Решительно настроенная медсестра попробовала при разводе получить какие-то права на его собственность. Но оказалось, что буквально за несколько дней до подачи заявления на развод Александр Виноградов успел получить закладную на одну квартиру, написать дарственную своей маме — на другую и на дачу, а для оформления пособия на ребенка он принес справку, что его зарплата, как директора банка, составляет восемнадцать тысяч рублей ежемесячно…
Как рассказала светская хроника, бедная девушка пыталась драться на суде, за что была вынуждена заплатить Александру Виноградову штраф.
Счастлива ли я? Наша семья — да. А я…
Я очень боюсь потерять это счастье. Так боюсь, что иногда кажется — а лучше бы его и не было! Без него гораздо спокойней было бы жить.
Короткий период безумного счастья, когда говоришь ерунду и не понимаешь, что ты ешь, закончился очень быстро. Он был — когда родился Максим, крепкий, крупный, почти одновременно вышли первые серии фильма, я получила премию Детского Фонда за… рисунки к книжке. Варька быстро забыла все наши неурядицы и переезды, превратилась в школьную звезду, подросла, расцвела… Толя наполнял нашу жизнь мужской заботой и вниманием, которых я никогда не знала… И любовью, любовью…
Потом настал период осознания — ой, мамочки, да какое же это у меня теперь счастье — огромное, невероятное… Я люблю Толю, Толя любит меня. Я очень сильно люблю Андрея Виноградова, который сосредоточенно ползает по нашей необъятной квартире, и безумно люблю Максима Виноградова, который регулярно предлагает мне сыграть в прятки, спрашивая меня: «Мам, куда мне спрятаться, чтобы ты меня не нашла?» Я трепетно люблю красавицу и умницу Варьку, люблю и ревную ее ко всему миру.

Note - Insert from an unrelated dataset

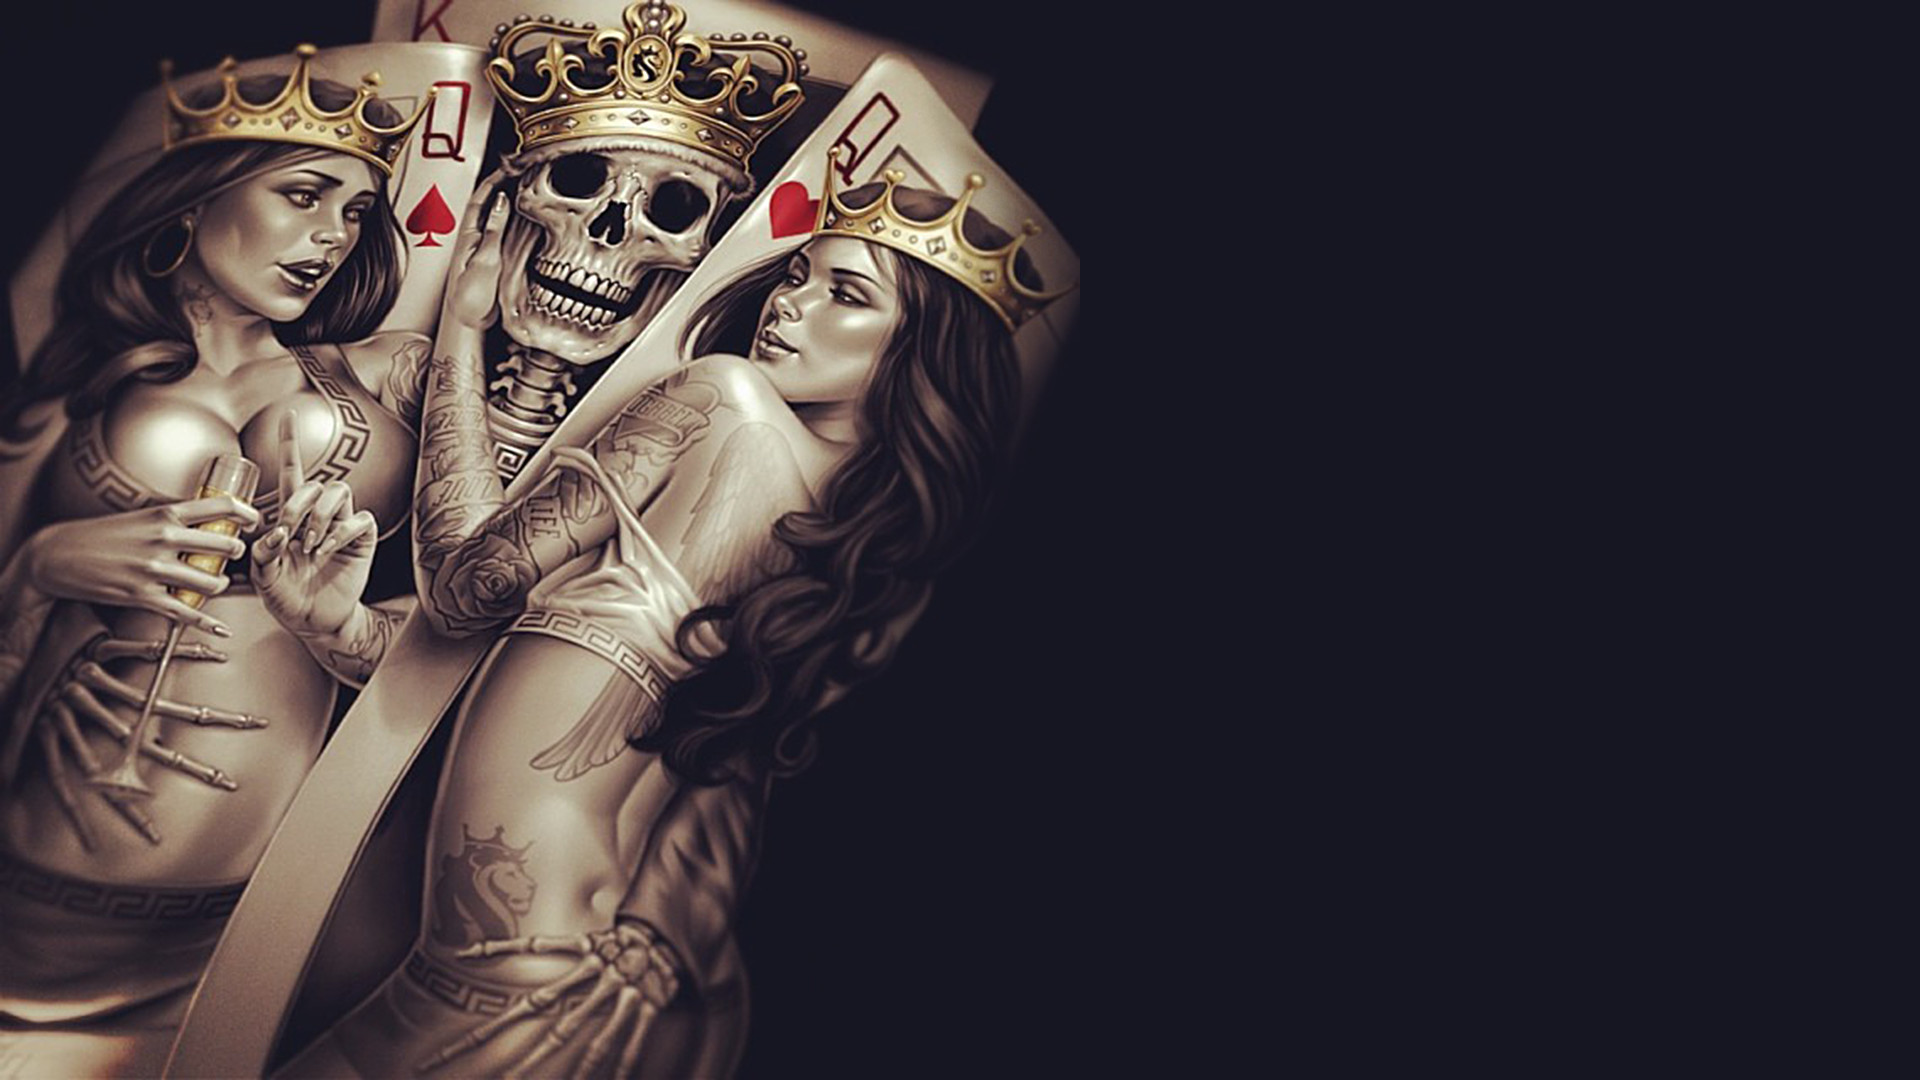 1920x1080 Free Skull Wallpapers | Wallpapers, Backgrounds, Images, Art Photos.

И я так боюсь все это потерять!.. Я трясусь за них за всех, я впадаю в отчаяние, когда у кого-то повышается температура, я отказываюсь летать в далекие страны, когда у Толи выпадает неделя-другая отпуска. Отказываюсь до последнего, пока муж не запихивает меня со всем веселым колхозом в самолет. Месяц назад летал даже самый младший Виноградов, прополз по салону, провожаемый восхищенными и негодующими взглядами авиапассажиров.
«Вдруг как в сказке скрипнула дверь, всё мне ясно стало теперь…» — громко, мимо нот и очень, на мой взгляд, наивно поет каждый день, стоя под душем, Анатолий Виноградов.

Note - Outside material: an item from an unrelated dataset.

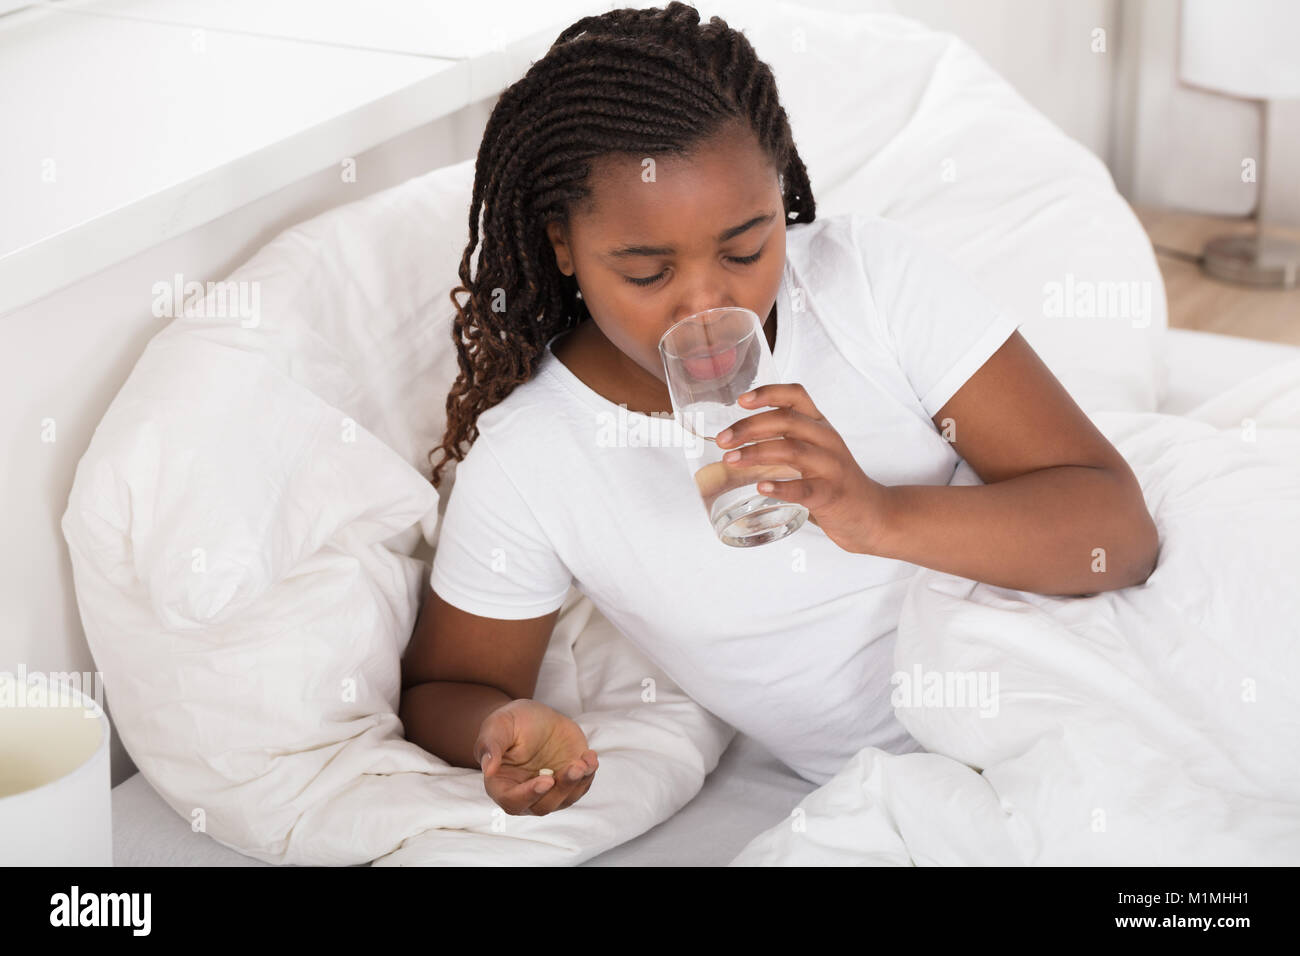 Sick African Girl In Bed Drinking Water While Taking Pill Stock Photo

Как хорошо, что хоть ему все ясно. Мне же — нет.
Когда он замечает, что я печальна и смотрю в окно, а не на него и не на детей, он обещает уйти на войну. Я пугаюсь и перестаю смотреть в окно.
И тогда снова и снова начинаю думать про таинственный и простой закон, скрытый от нас в наших собственных душах, незримых и почти невесомых. Закон сохранения любви.
В свободное время, которого нет, я все пишу бесконечную историю про девочку Соню и Гнома. Сейчас Антон Быстров уже вовсю готовит запуск «Гнома-3». Девочка подросла, занимается спасением волшебного мира вместе с мудрым и забавным Гномом, который, увы, чувствует, что стареет, и очень надеется на Сонечкину помощь. Когда я смотрю фильм, который получается по моим сценариям, то приятно удивляюсь — вот точно так я и представляла себе это, как будто вижу на экране во второй раз. И с радостью сочиняю следующую серию.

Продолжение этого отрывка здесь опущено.